In this example its very simple as we could use built in functions to define the equation. With the given source the solution should just be $\phi(x_1,\ldots) = \prod_{i=1}^{\rm NDIM} \sin(2\pi x_i)$.

Methods to help defining the equation

We provide some functions to make it more easy to define the equation. If this is not enough then you will have to do it yourself. There are much more information in the headerfile defining the solver.

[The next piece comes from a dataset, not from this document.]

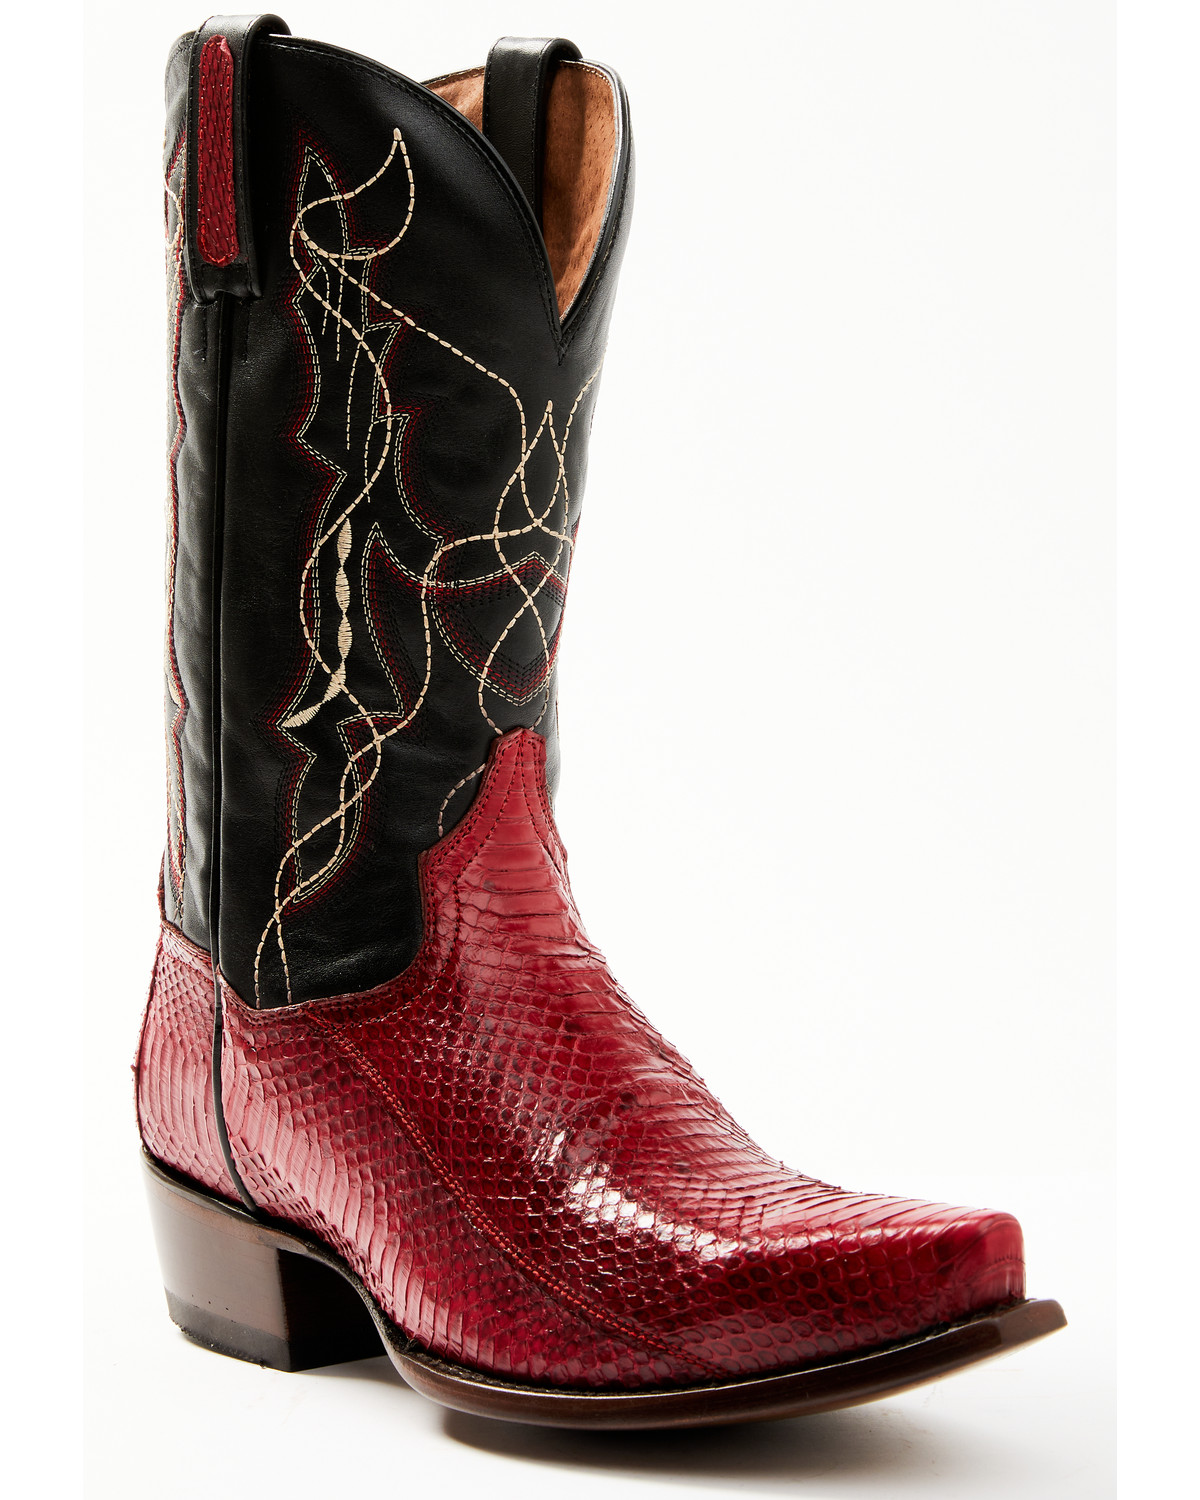 BOTAS VAKERAS Pink/ Hueso 8,9,10 CLEARANCE 70%off WESTERN BOOTS blue s 5,6

// The solution in a given cell
T get_Field(int level, IndexInt index);

// Position of the cell in the global grid
std::array<double,NDIM>   get_Coordinate(int level, IndexInt index);

// The closest 2NDIM cells (plus the cell itself). This is what the methods below require
std::array<IndexInt,2*NDIM+1> get_neighbor_gridindex(int level, IndexInt index);

// The gradent Df and its derivative
std::array<T,NDIM>  get_Gradient     (int level, const std::array<IndexInt,2*NDIM+1> & nbor_index_list);
std::array<T,NDIM>  get_derivGradient(int level, const std::array<IndexInt,2*NDIM+1> & nbor_index_list);

// The Laplacian operator D^2f and its derivative
T get_Laplacian     (int level, const std::array<IndexInt,2*NDIM+1> & nbor_index_list);
T get_derivLaplacian(int level, const std::array<IndexInt,2*NDIM+1> & nbor_index_list);

// If you need even more cells: get all 3^NDIM cells around a given cell
std::array<IndexInt, FML::power(3,NDIM) > get_cube_gridindex(int level, IndexInt index);

More examples

In the source code on github we provide a lot more examples like: Poisson equation: $$\nabla^2\phi = \delta$$ Density reconstruction equation for the displacement field $\Psi$: $$\nabla\cdot \Psi + \frac{f}{b}\nabla\cdot[(\Psi\cdot r)r] = -\frac{\delta}{b}$$ The symmetron model equation: $$\nabla^2\phi = \frac{1}{2}\frac{B^2}{L^2}\left[ (1+\delta)\left(\frac{a_{\rm ssb}}{a}\right)^3\phi - \phi + \phi^3\right]$$ Hu-Sawicky $f(R)$ gravity equation: $$\nabla^2 f_R = A\delta + B \frac{1}{f_R^{1/(n+1)}}$$ Quasi-linear continuity equation for the velocity field: $$fH\delta + \nabla\cdot((1+\delta)\vec{v}) = 0$$ DGP equation: $$\nabla^2 \phi + A[(\nabla^2\phi)^2 - (\nabla_i\nabla_j\phi)^2] = B\delta$$ And the qubic variant: $$(\nabla^2 \phi)^3 + p (\nabla^2 \phi) + q = 0$$ And examples of how to using your own types with the solver.